# % buck question



## Hick22145 (Oct 11, 2013)

If you have say a 98% registered ABGA buck and breed him to a none registered doe can you register the doelings? I'm still new to this ABGA stuff and looking for a buck just trying to figure out if I need a full blood buck or if a % one will work for me! Thank you guys


----------



## loggyacreslivestock (Mar 5, 2013)

ABGA ammended their policy last October. They will now register kids born to ABGA registered does if sire is not registered. The buck has to be registered if the doe is not. Either way, they would be 50%. On the ABGA site, there is a breakdown of what percent the kid is depending on what percent the parents are. Bucks must be 97% or 98% to be registered I believe.


----------



## loggyacreslivestock (Mar 5, 2013)

Go to ABGA.org, click the registration tab, then click percentages. This shows what choices you have.


----------



## Hick22145 (Oct 11, 2013)

So the way I see it is if a buck is say 98% and I breed him to a non registered doe I can not register the doelings? Correct


----------



## Jessica84 (Oct 27, 2011)

No they can be 50%.... I was looking at a little 97% buck last year but have a lot of commercial does. I called and the lady said basically if the buck is registered his kids can be too even if bred to a none registered doe. 

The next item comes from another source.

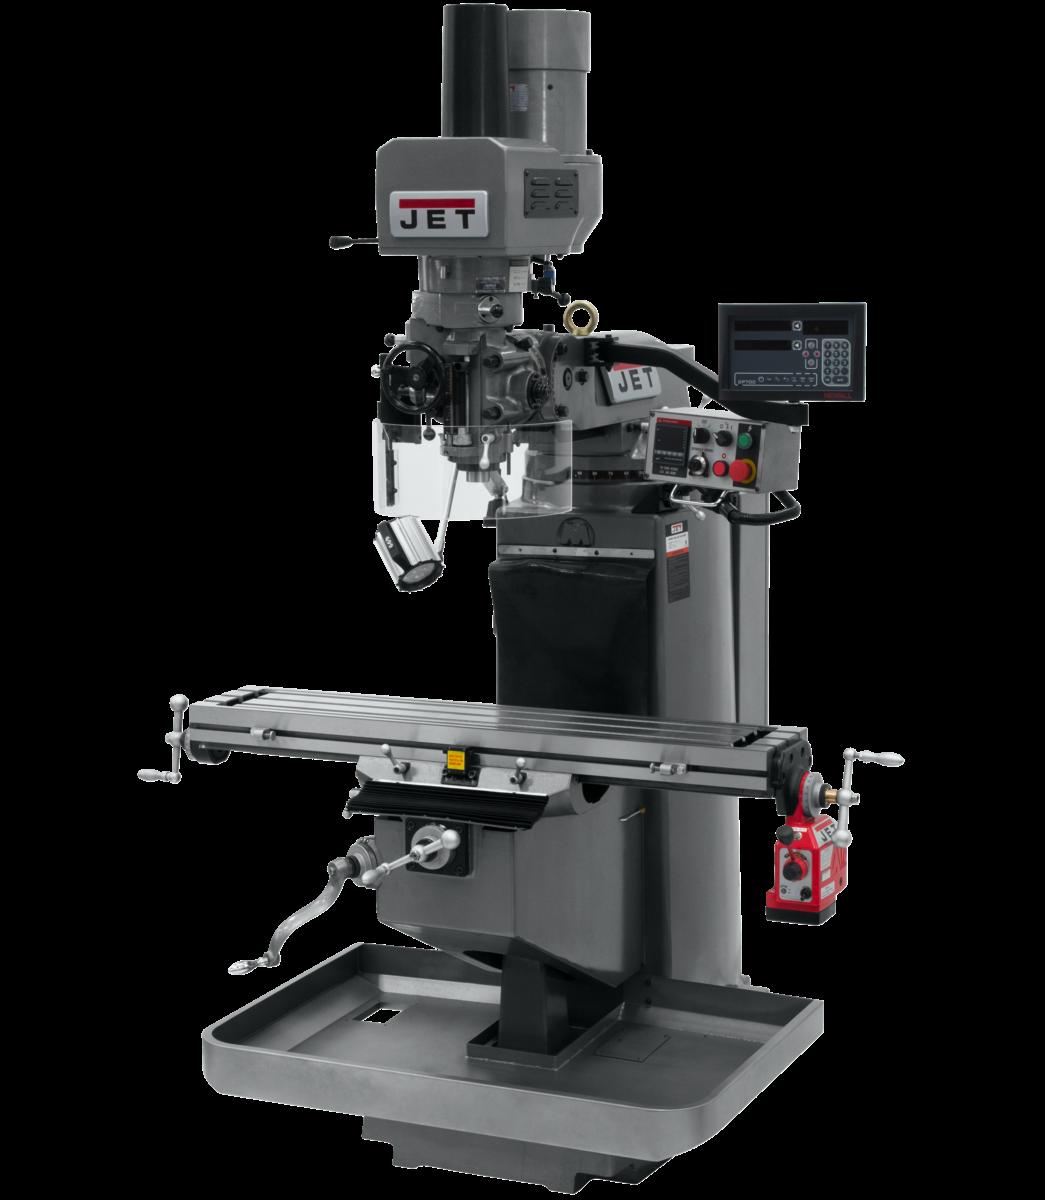 JTM-949EVS with Newall DP700 DRO, X Powerfeed & Air Power Drawbar
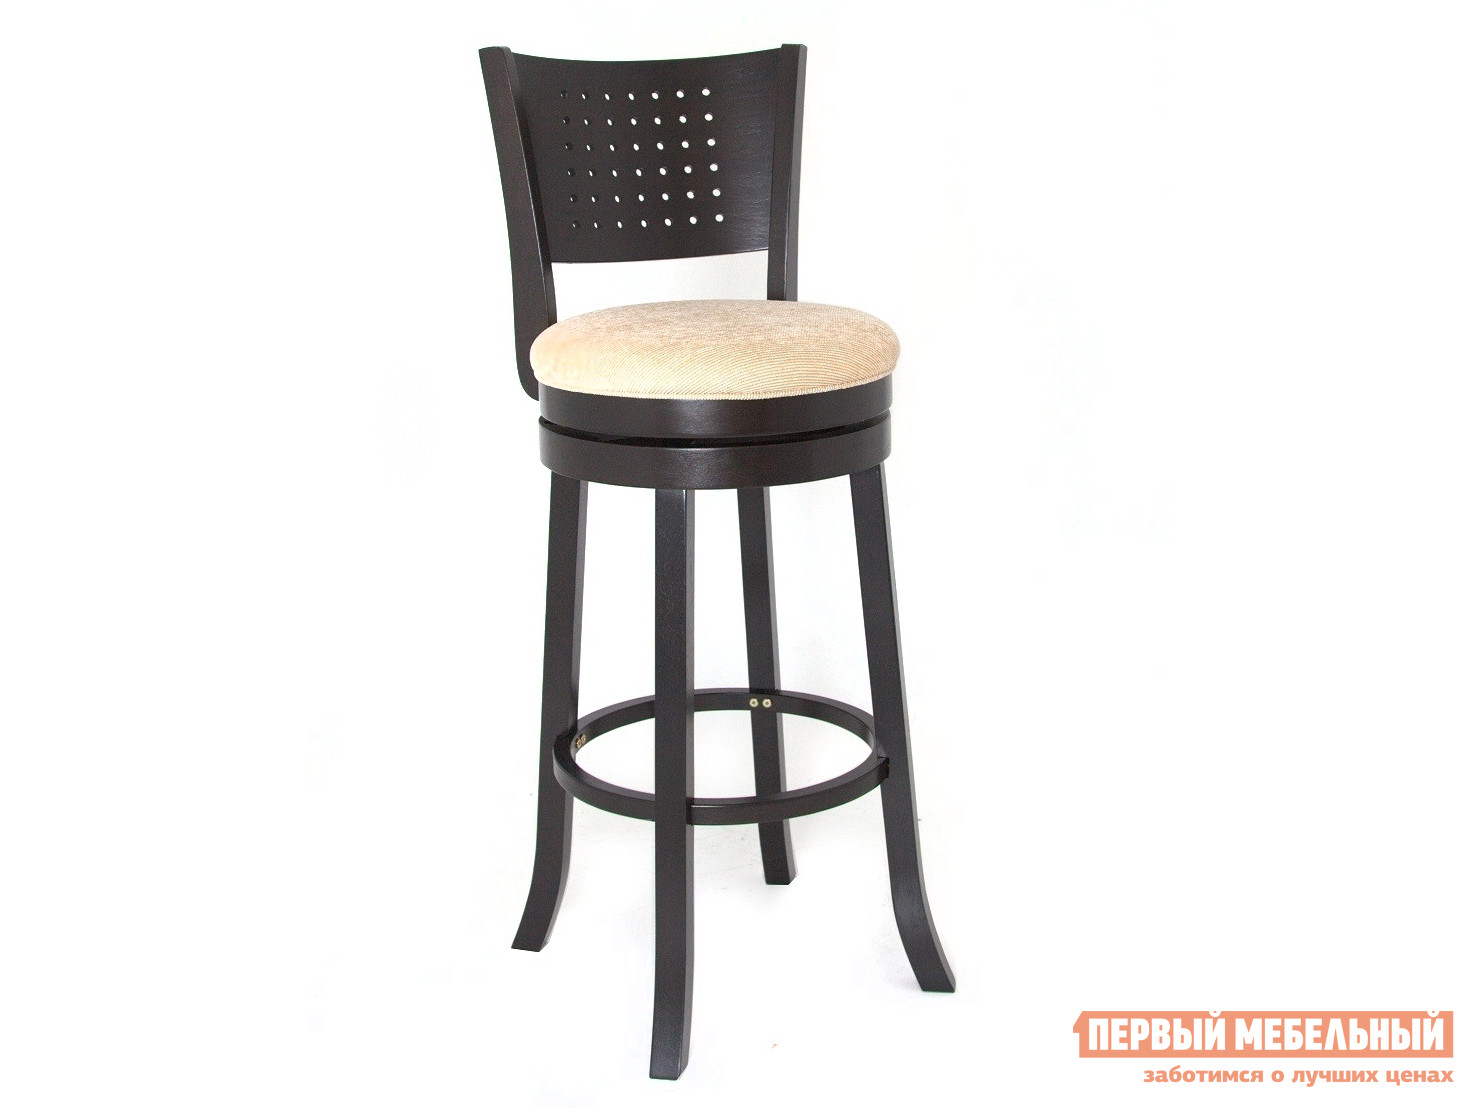 Барный стул Red and Black 299161 Барный крутящийся стул retro style polarized sunglasses with sand black frame and red lenses

Sent from my iPhone using Goat Forum


----------



## JT3 (May 1, 2011)

It would obviously be a % kid. 

Would not be purebred or fullblood, but still can be registered as a %


----------



## Wild Hearts Ranch (Dec 26, 2011)

Purebreds (97% or better, for bucks) are considered to be the same as fullbloods for breeding purposes. So even though half of that would *technically* be less than 50%, they would be registered as 50%. You need to have at least one parent that is fullblood or purebred, since they won't accept percentage bucks. You can have a fullblood/purebred buck with a grade or percentage doe, or a fullblood/purebred doe with a grade buck. Any other combo is not eligible for registration.


----------



## Hick22145 (Oct 11, 2013)

Thank you guys that's what I wanted to know! I found a very nice buck in my price range after looking for along time but he is a purebred. I have a awesome doe that is 100% but is not registered. I want to make sure that I can register her offspring at least the feminine ones. Thanks again for the help


----------



## toth boer goats (Jul 20, 2008)

Very good advice given.


----------



## JT3 (May 1, 2011)

You actually CAN register % bucks now...a very controversial move by the ABGA.


----------



## Wild Hearts Ranch (Dec 26, 2011)

I was just reading the website and didn't see anything about it.


----------



## chelsboers (Mar 25, 2010)

It's my understanding that only Purebred and Fullblood bucks can be registered. Anything lower can get a "Record of Pedigree". As far as registration, the new rule is as long as the doe is Fullblood or Purebred she can be bred to a commercial buck and the doe kids can be registered 50%.


----------



## Jessica84 (Oct 27, 2011)

chelsboers said:


> It's my understanding that only Purebred and Fullblood bucks can be registered. Anything lower can get a "Record of Pedigree". As far as registration, the new rule is as long as the doe is Fullblood or Purebred she can be bred to a commercial buck and the doe kids can be registered 50%.


That's what I got out of it too

Sent from my iPhone using Goat Forum


----------



## Wild Hearts Ranch (Dec 26, 2011)

That was what I got from the website. So they previously only allowed registered bucks even if the doe was fullblood or purebred, and only registered percentage does if the dam was grade?


----------



## chelsboers (Mar 25, 2010)

Wild Hearts Ranch said:


> That was what I got from the website. So they previously only allowed registered bucks even if the doe was fullblood or purebred, and only registered percentage does if the dam was grade?


Before the buck had to be Purebred or Fullblood in order to register kids, it didn't matter that the doe was Purebred or Fullblood. If the buck wasn't registered the kids couldn't be. Now as long as one parent is Purebred or Fullblood the doe kids can be registered.


----------



## Wild Hearts Ranch (Dec 26, 2011)

That's what I was getting at, I just did a poor job of explaining it


----------